* **WHAT YOU NEED TO DO**: Return an exact copy of the lines from the one holding "Black/Gray: Backpacks: Targus" to the end of the data, including both the starting and final lines. Leave the pictures out.

* **RAW DATA**:
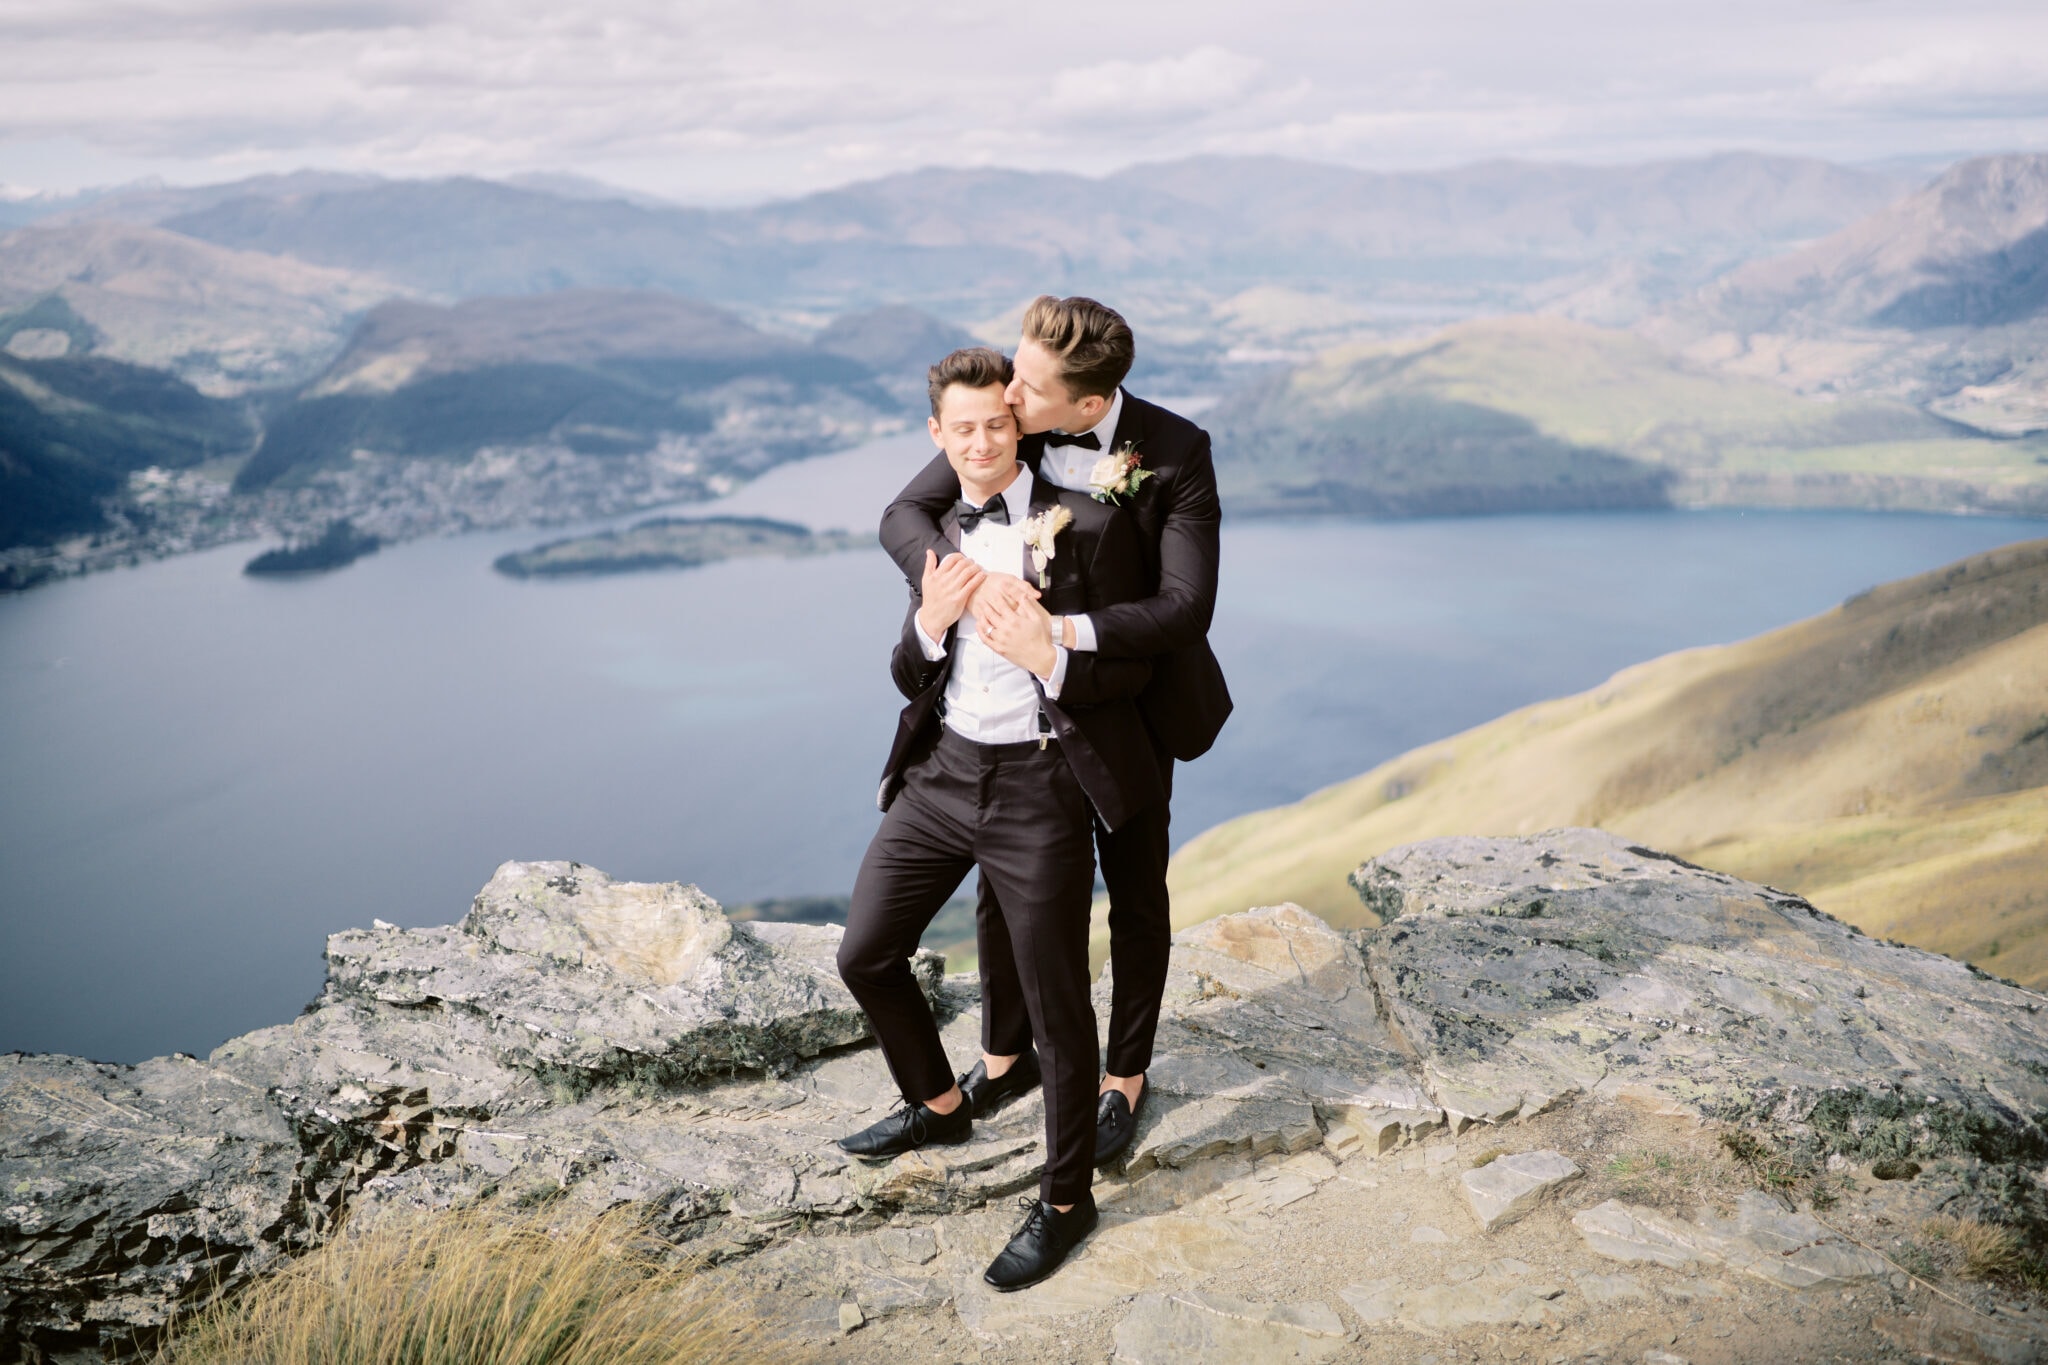 Queenstown New Zealand Elopement Wedding Photographer - Two grooms enjoying a Heli-Elopement in Queenstown, hugging on top of a mountain overlooking lake wanaka.
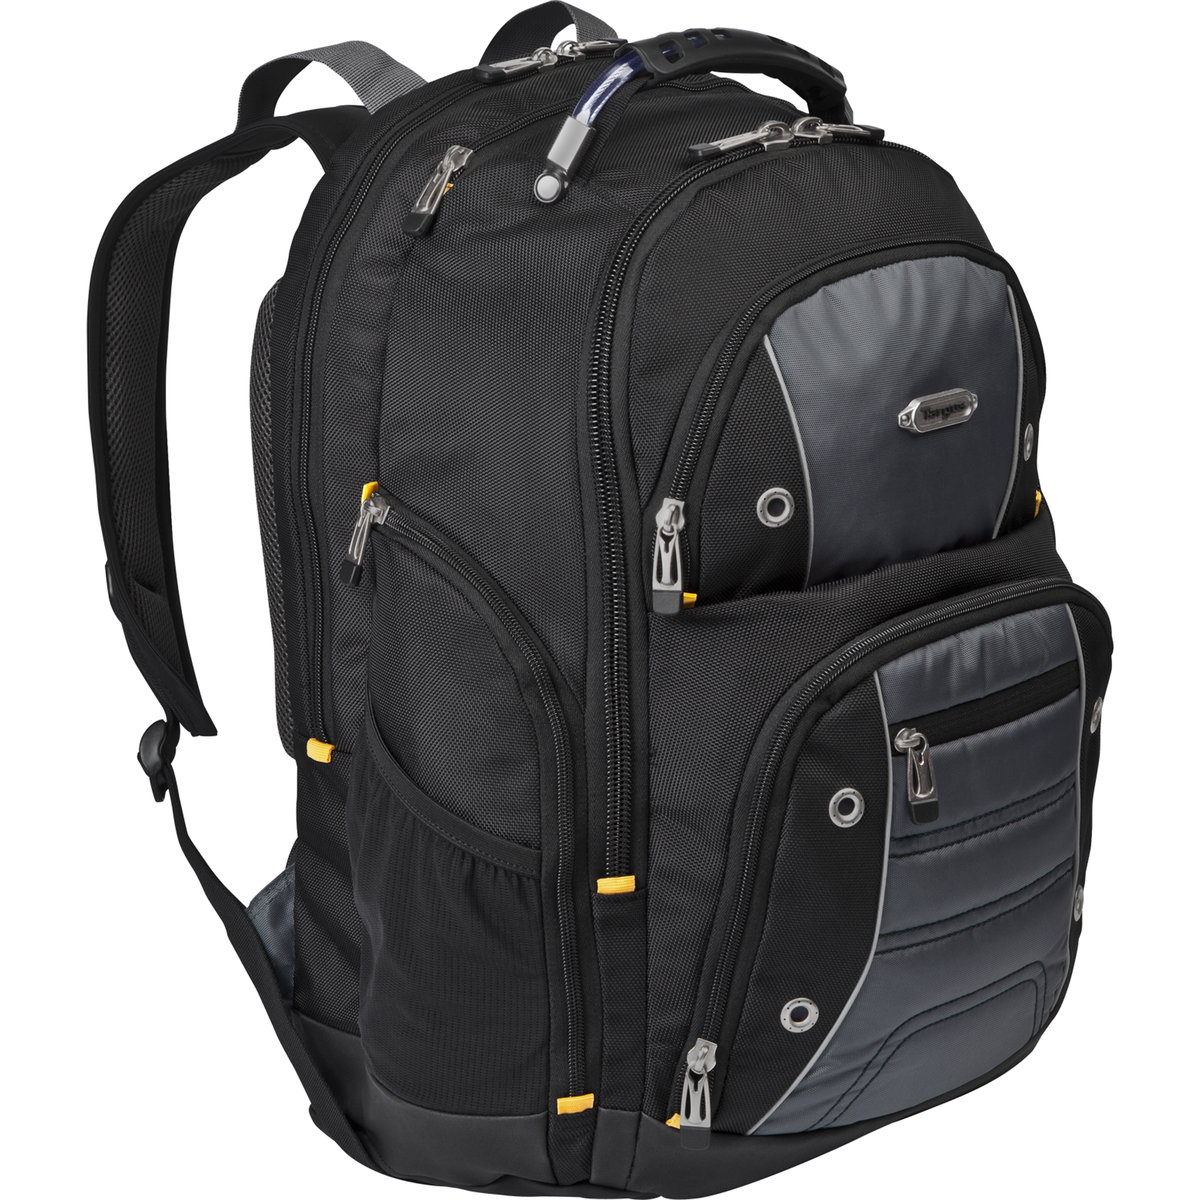 16” Drifter II Laptop Backpack - TSB238US - Black/Gray: Backpacks: Targus
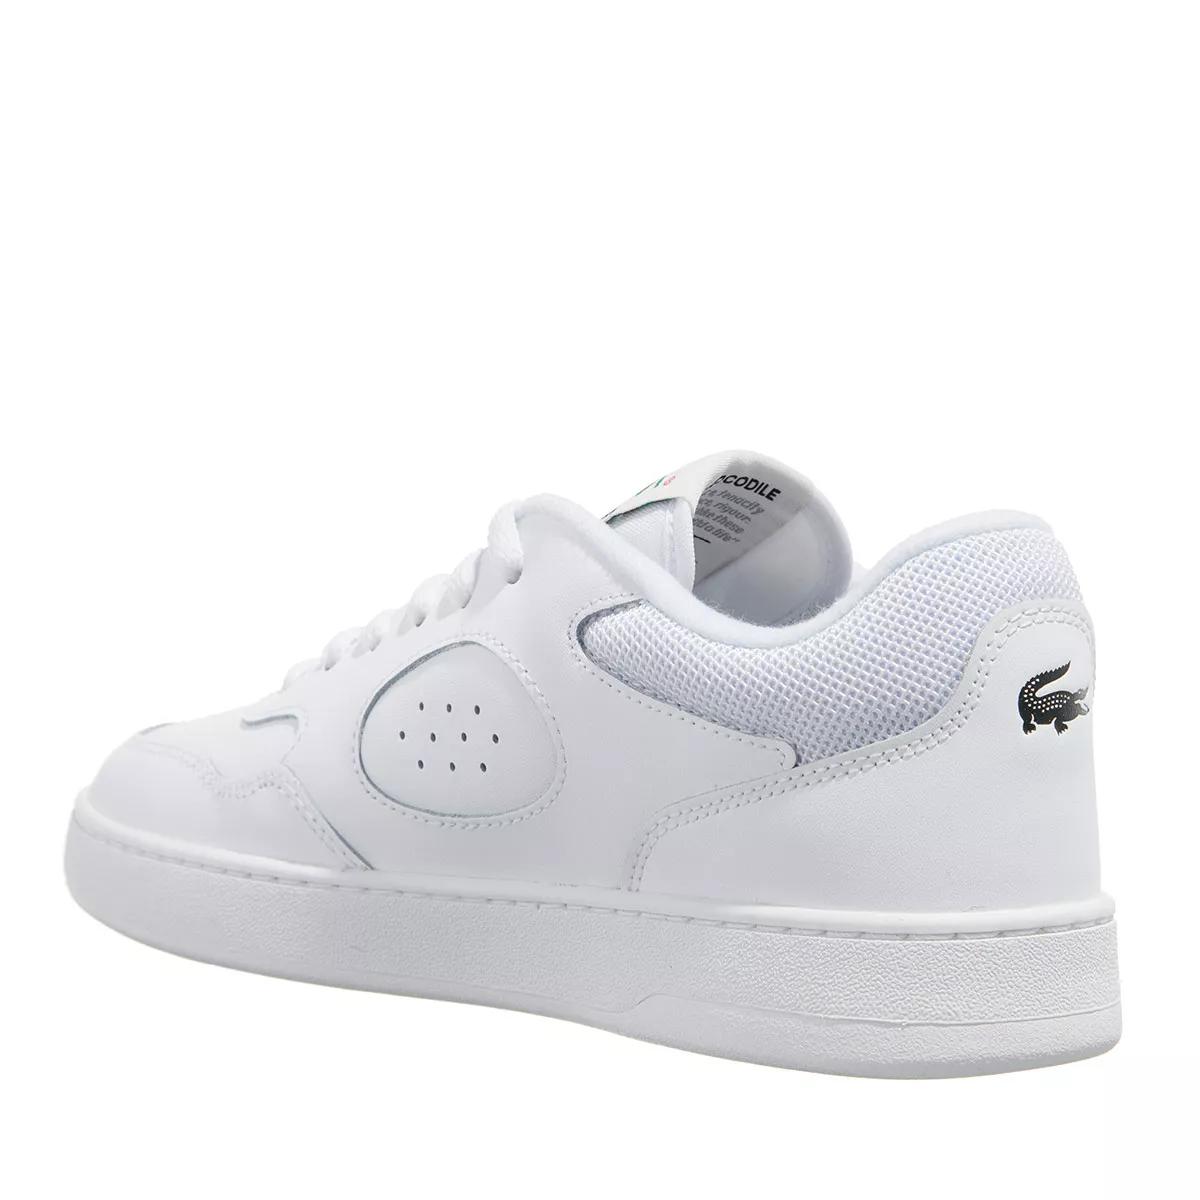 Lacoste Lineset 223 1 Sfa Wht/Wht | Low-Top Sneaker

* **RESPONSE**:
 16” Drifter II Laptop Backpack - TSB238US - Black/Gray: Backpacks: Targus
 Lacoste Lineset 223 1 Sfa Wht/Wht | Low-Top Sneaker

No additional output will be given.